Those early adopters are visible at a global level, as we see a steady volume of resolver traffic for the analyzed Mastodon instance domain names through the first nine months of the year, with the timing of the increase visible in late April aligning with the announcement that Elon Musk had reached a deal to acquire Twitter for $44 billion. The slope of the graph clearly shifted in October as it became increasingly clear that the acquisition would close shortly, with additional growth into November after the deal was completed. This growth is likely due to a combination of existing but dormant Mastodon accounts once again becoming active, and an influx of new users.

Cloudflare Radar 2022 Year in Review

The traffic pattern observed for the United States appears fairly similar to the global pattern, with traffic from an existing set of users seeing massive growth starting in late October as well.

Cloudflare Radar 2022 Year in Review

Although the core Mastodon software was developed by a programmer living in Germany, and the associated organization is incorporated as a German not-for-profit, it didn’t appear to have any significant home field advantage. Query volume for Germany was relatively low throughout most of the year, and only started to rapidly increase at the end of October, similar to behavior observed in a number of other countries.

Cloudflare Radar 2022 Year in Review

IPv6 adoption

Although IPv6 has been around for nearly a quarter-century, adoption has been relatively slow over that time.
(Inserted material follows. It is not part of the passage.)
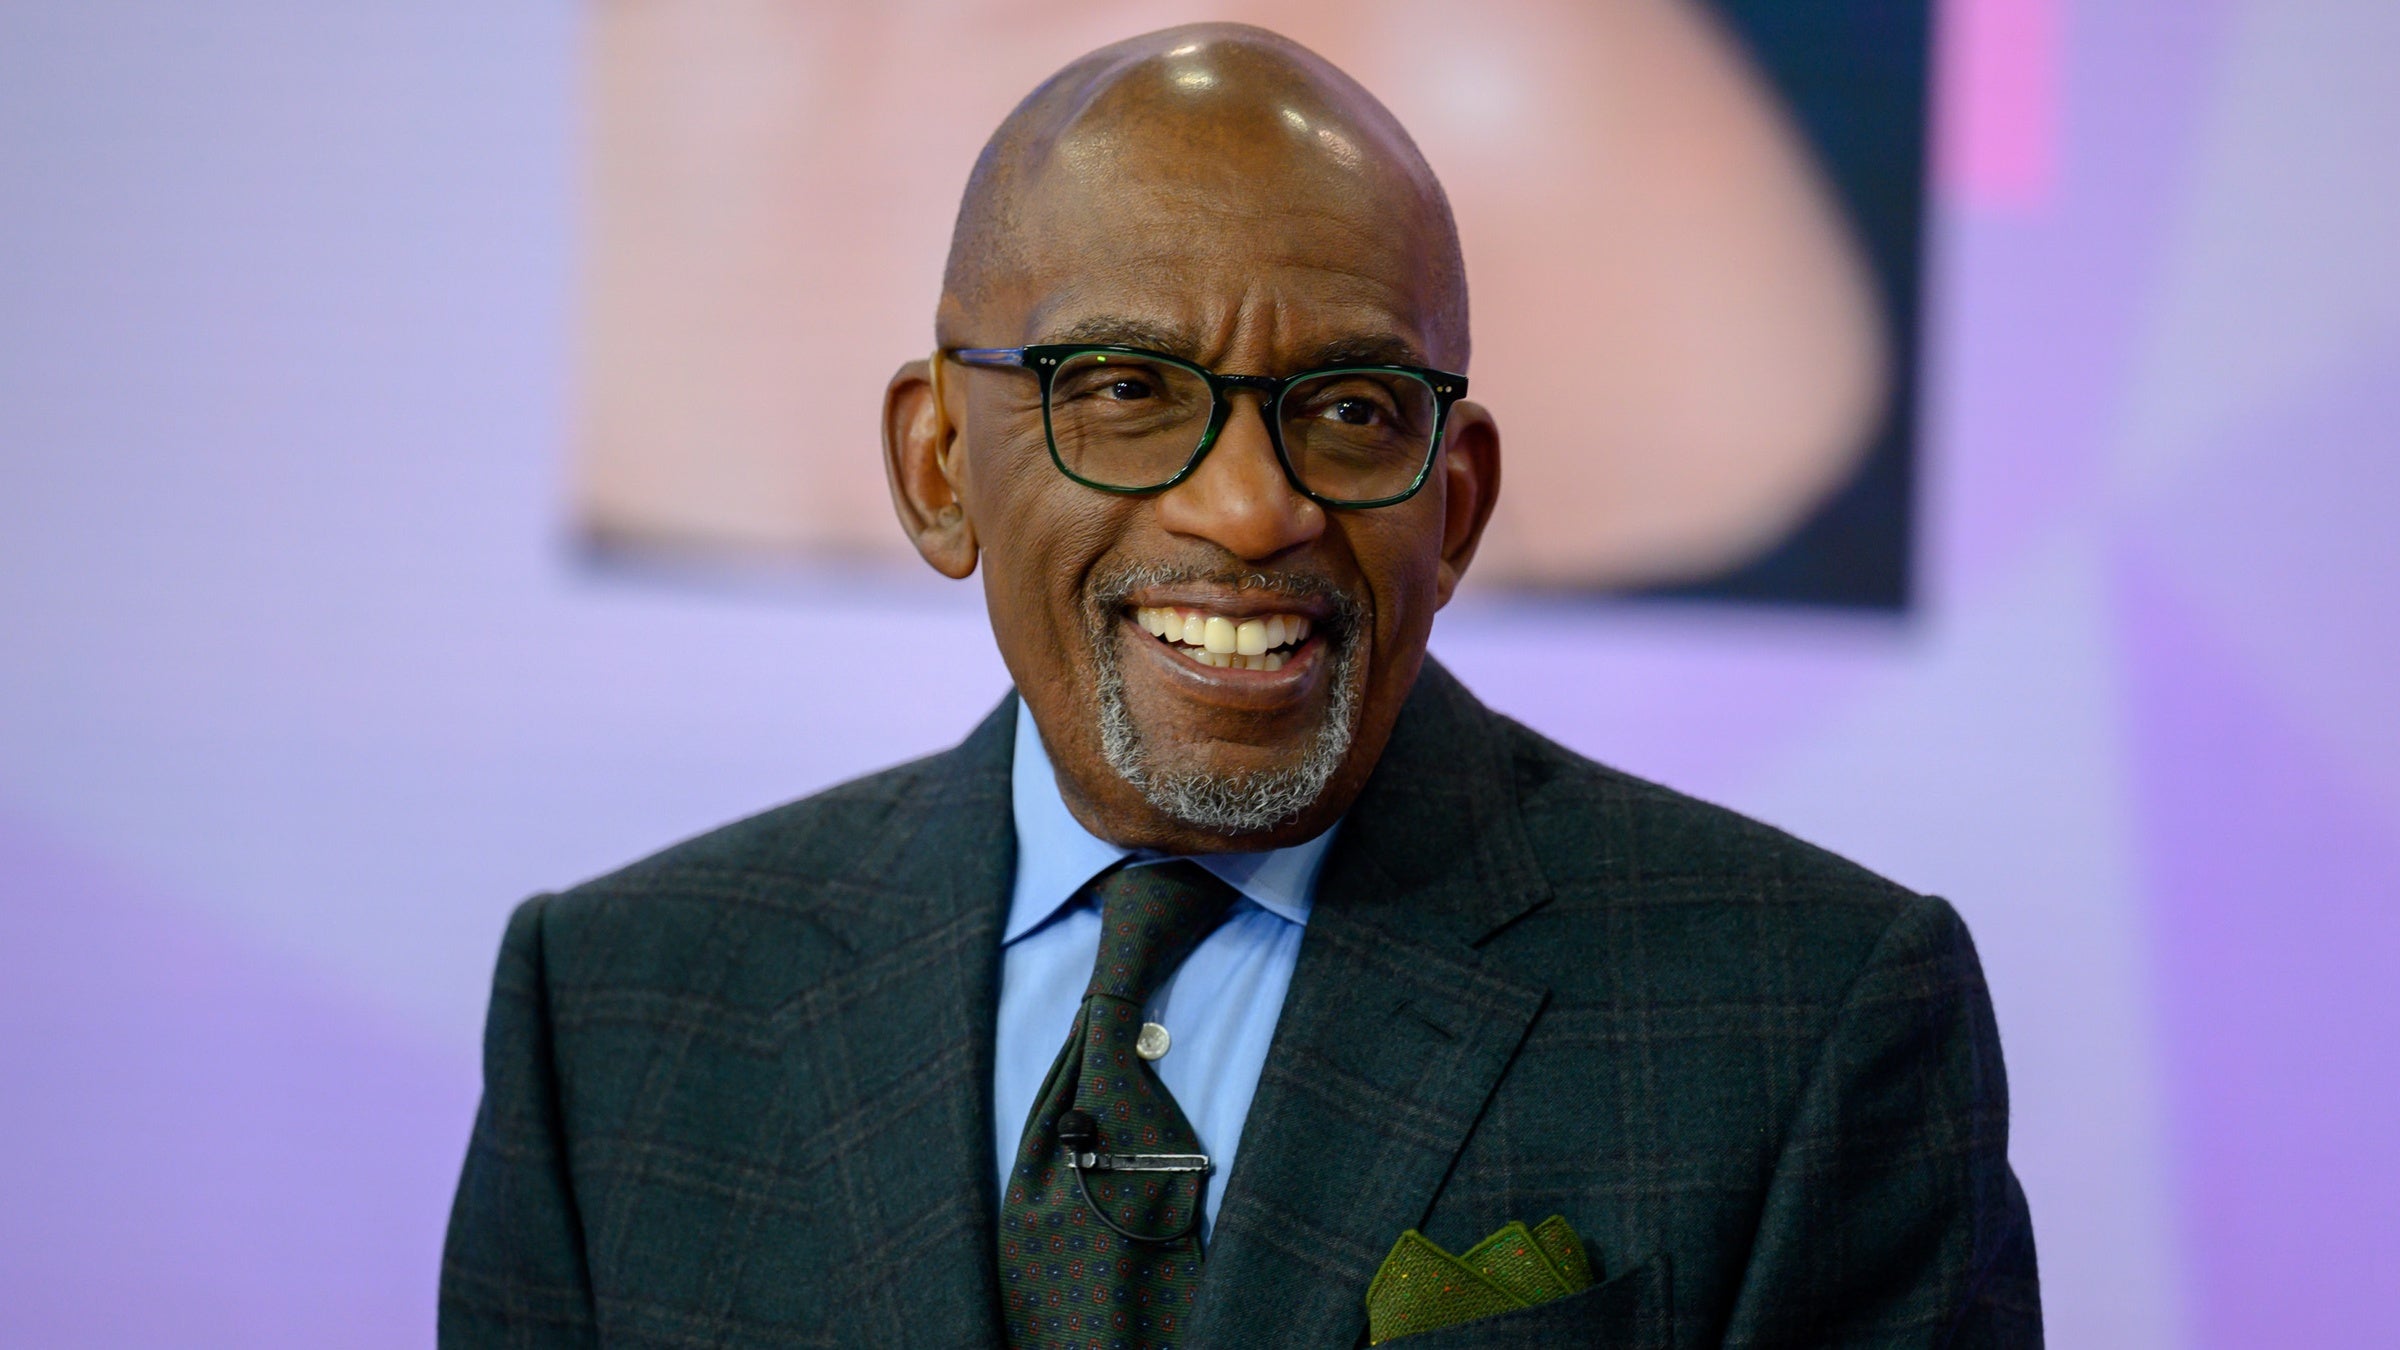 Al Roker Recovers After Being Hospitalized For Blood Clots In His Leg And Lungs

However, with the exhaustion of available IPv4 address space and the growth in connected and mobile devices, IPv6 plays a critical role in the future of the Internet. Cloudflare has enabled customers to deliver content over IPv6 since our first birthday, back in 2011, and we have evolved support in several ways since that time. Analysis of traffic to the Cloudflare network provides us with insights into IPv6 adoption across the Internet.

On a global basis, IPv6 adoption hovered around the 35% mark throughout the year, with nominal growth evident in the trend line shown in the graph. While it is encouraging to see one of every three requests for dual stacked content being made over IPv6, this adoption rate demonstrates a clear opportunity for improvement.
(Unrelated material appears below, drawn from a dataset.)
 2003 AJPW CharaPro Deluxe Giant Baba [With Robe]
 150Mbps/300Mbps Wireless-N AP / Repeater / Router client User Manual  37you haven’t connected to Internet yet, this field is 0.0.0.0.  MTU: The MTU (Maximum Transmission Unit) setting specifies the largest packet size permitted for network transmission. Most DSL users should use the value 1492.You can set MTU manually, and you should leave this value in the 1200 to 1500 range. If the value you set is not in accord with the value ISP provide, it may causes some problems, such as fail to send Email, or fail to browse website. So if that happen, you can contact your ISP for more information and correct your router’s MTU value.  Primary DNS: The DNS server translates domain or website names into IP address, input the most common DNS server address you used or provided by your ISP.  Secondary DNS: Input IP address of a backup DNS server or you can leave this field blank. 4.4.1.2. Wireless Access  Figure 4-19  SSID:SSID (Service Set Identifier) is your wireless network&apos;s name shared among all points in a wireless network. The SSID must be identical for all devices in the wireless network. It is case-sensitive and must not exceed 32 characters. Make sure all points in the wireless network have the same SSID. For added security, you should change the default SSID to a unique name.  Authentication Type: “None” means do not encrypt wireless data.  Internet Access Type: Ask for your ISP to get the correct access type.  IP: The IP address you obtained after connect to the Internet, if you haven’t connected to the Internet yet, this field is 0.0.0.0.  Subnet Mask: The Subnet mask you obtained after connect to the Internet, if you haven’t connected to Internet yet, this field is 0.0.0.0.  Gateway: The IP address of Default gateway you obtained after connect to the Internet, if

To calculate IPv6 adoption for each location, we identified the set of customer zones that had IPv6 enabled (were “dual stacked”) during 2022, and then divided the daily request count for the zones over IPv6 by the daily sum of IPv4 and IPv6 requests for the zones, filtering out bot traffic in both cases. The line shown in the trends graph represents a seven-day trailing average. For the top 10 chart, we calculated the average IPv6 adoption level on a monthly basis per location, and then ranked the locations by percentage. The chart illustrates the ranking by month, and how those rankings change across the year.

Cloudflare Radar 2022 Year in Review

One location that has seized that opportunity is India, which recorded the highest IPv6 adoption rate throughout the year. After seeing more than 70% adoption through July, it began to drop slightly in late summer, losing a couple of percentage points over the subsequent months.

One key driver behind India’s leadership in this area is IPv6 support from Jio, India’s largest mobile network operator, as well as being a provider of fiber-to-the-home broadband connectivity. They aggressively started their IPv6 journey in late 2015, and now much of Jio’s core network infrastructure is IPv6-only, while customer-facing mobile and fiber connections are dual-stacked.

Cloudflare Radar 2022 Year in Review

Also heading in the right direction are the more than 60 locations around the world that saw IP adoption rates more than double this year. One of the largest increases was seen in the European country of Georgia, which grew more than 3,500% to close out the year at 10% adoption thanks to rapid growth across February and March at Magticom, a leading Georgian telecommunications provider.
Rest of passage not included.